Abscess. Right occipital mass showing marked diffusion restriction within the core on DWI and ADC maps (a and b, respectively) and a peripheral enhancing pattern on T1 post gadolinium (c). DWI helps to differentiate ring-enhancing lesions because restricted diffusion in the centre of the mass is characteristic of pyogenic abscesses. In this case, diffusion-based sequences also helped to identify ventriculitis (arrows)

Full size image

Fungal abscesses can have either restricted or elevated diffusion in the centre (depending on the content), in opposition to pyogenic and tuberculous abscesses that typically show restricted diffusion in the core of the cavity [53]. Restricted diffusion is usually demonstrated in the projections and wall of the fungal abscess, referred to as “intracavitary projections”, and represent the fungal organism itself.

Aspergillus CNS infections tend to be haemorrhagic, which is an additional cause of restricted diffusion. In general, it is important to include fungal abscesses in the differential diagnosis in immunocompromised patients because of different targeted antifungal treatment.

Parasitic abscesses may also show both restricted and elevated diffusion [54]. For example, cysticercosis cysts have a similar or slightly increased DWI signal to CSF, and the scolex may be seen as a hyperintense focus inside [55]. In toxoplasmosis, diffusion restriction is highly variable (possibly overlapping with lymphoma characteristics, its main differential diagnosis) [56, 57]. In cerebral malaria, DWI is useful in detecting areas of brain infarction [58].

In the postsurgical setting, the accuracy of DWI in the diagnosis of CNS infectious complications is low, showing a high false-negative rate. There are often postoperative changes with diffusion restriction due to haemorrhage/ischaemia, which can hinder the distinction between purulent content and haemorrhagic/ischaemic components. The absence of restricted diffusion is not sufficient to exclude the presence of pyogenic postcraniotomy infection and should not be used as the main determinant in patient management in this clinical setting [59].

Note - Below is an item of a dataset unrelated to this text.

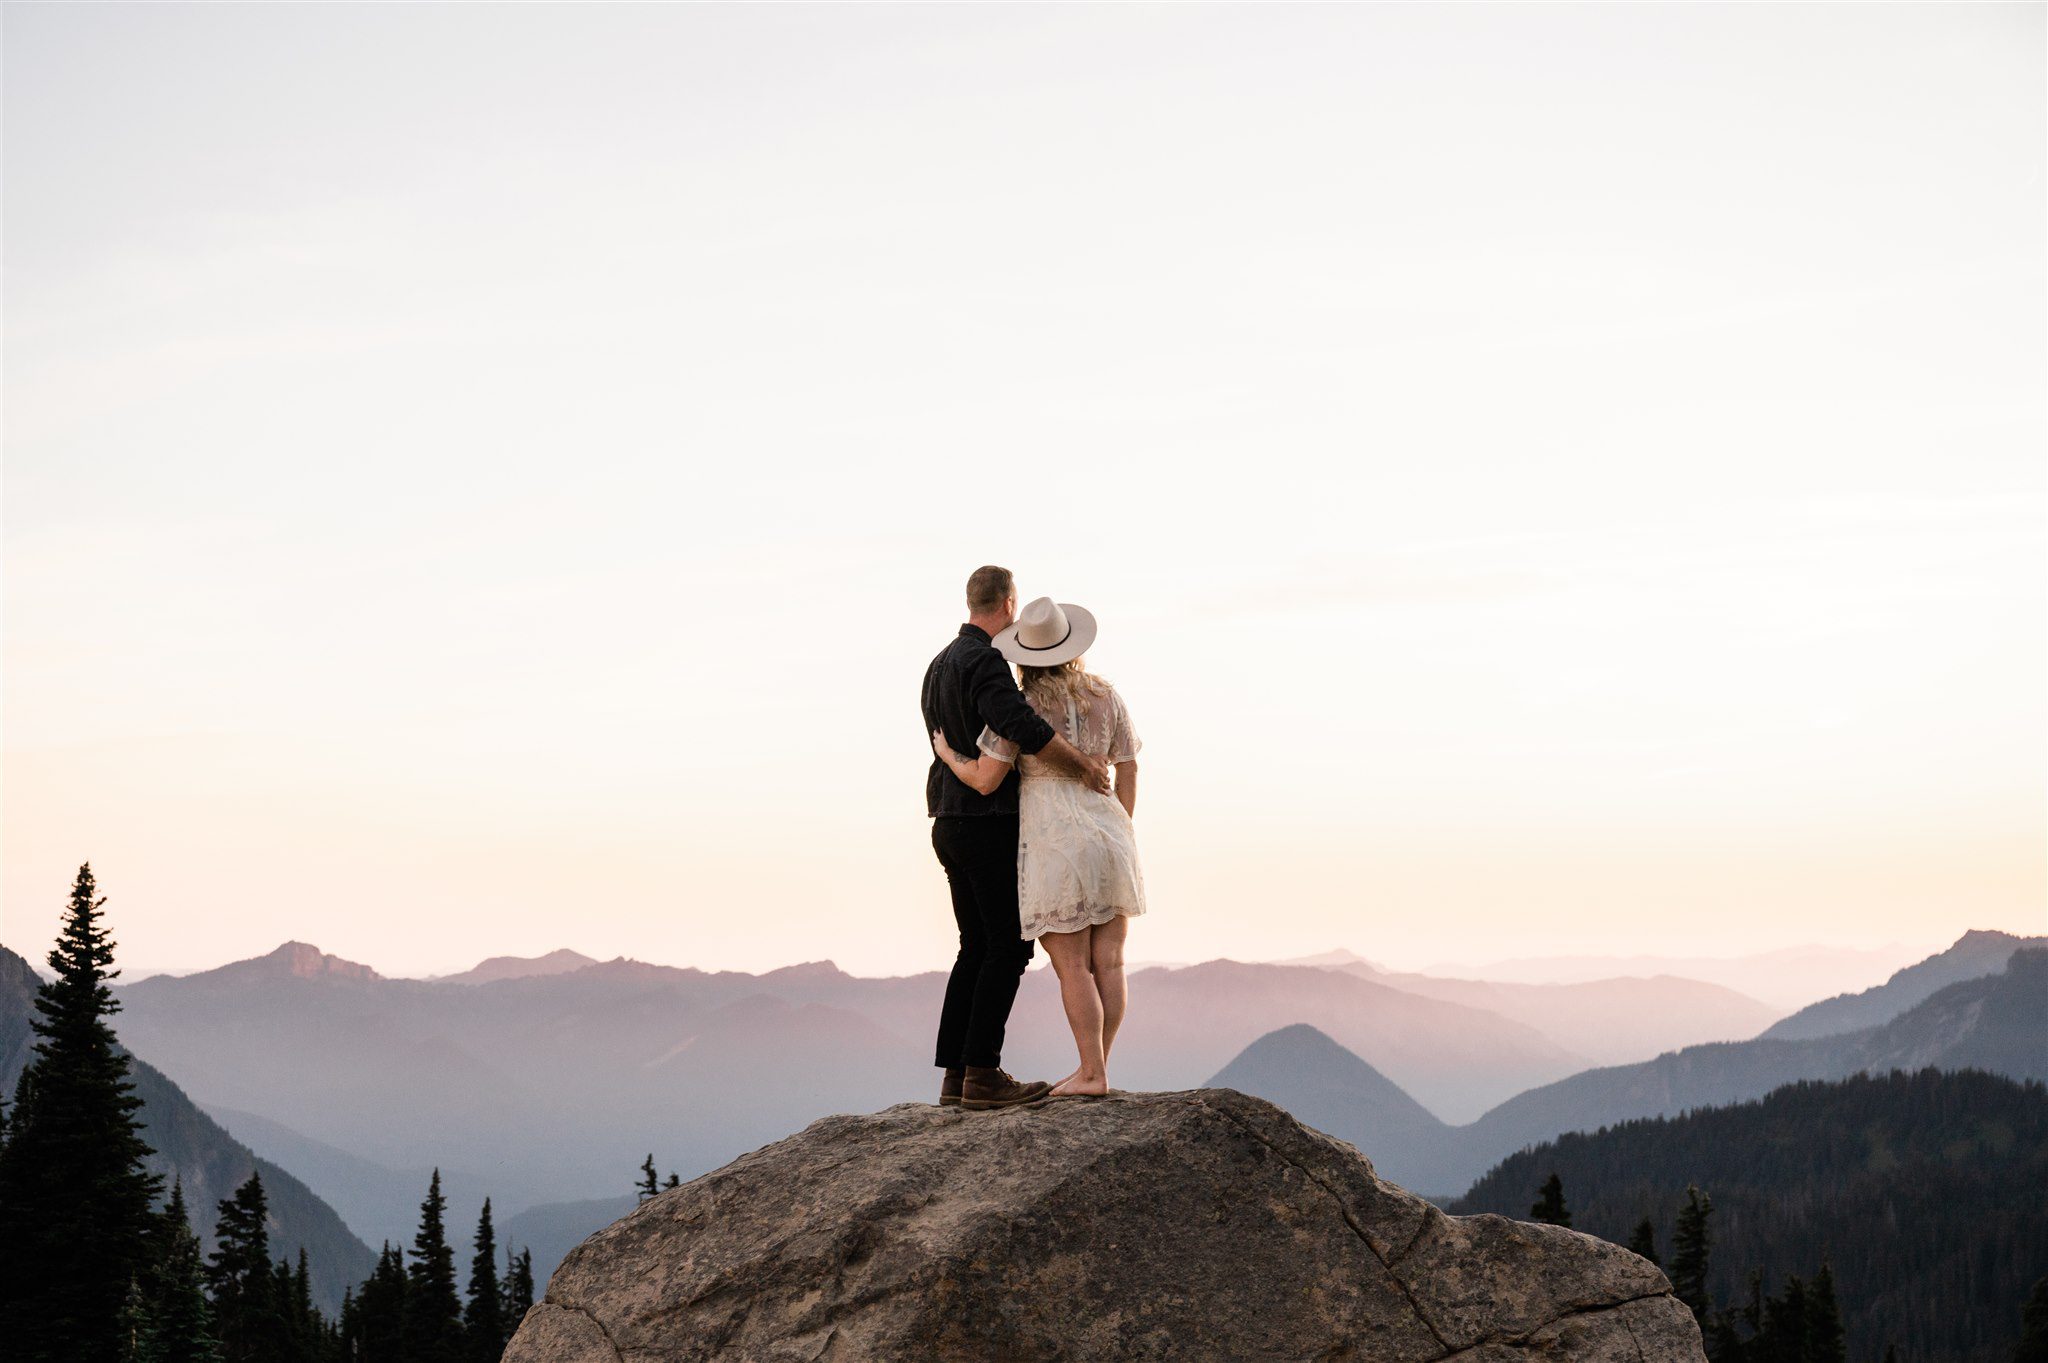 Couple hugging at sunset

Diffusion restriction is commonly seen in viral encephalitis, and the location of the affected area may guide the radiologist in the identification of the infectious agent. For example, the limbic system (medial temporal and inferior frontal cortex) is the typical involved area in herpes simplex encephalitis. Viruses more frequently causing potentially reversible lesions in the splenium of the corpus callosum are the influenza virus [60], Epstein-Barr virus, HHV-6 and papovirus JC [61]. Thalamic involvement is typically seen with the West Nile virus [62], Japanese encephalitis or Eastern equine encephalitis. DWI may help detect lesions earlier than conventional MR imaging. In patients diagnosed with West Nile virus encephalitis, diffusion restriction with no FLAIR or T2 signal abnormalities has been reported to be a sign of good prognosis [63].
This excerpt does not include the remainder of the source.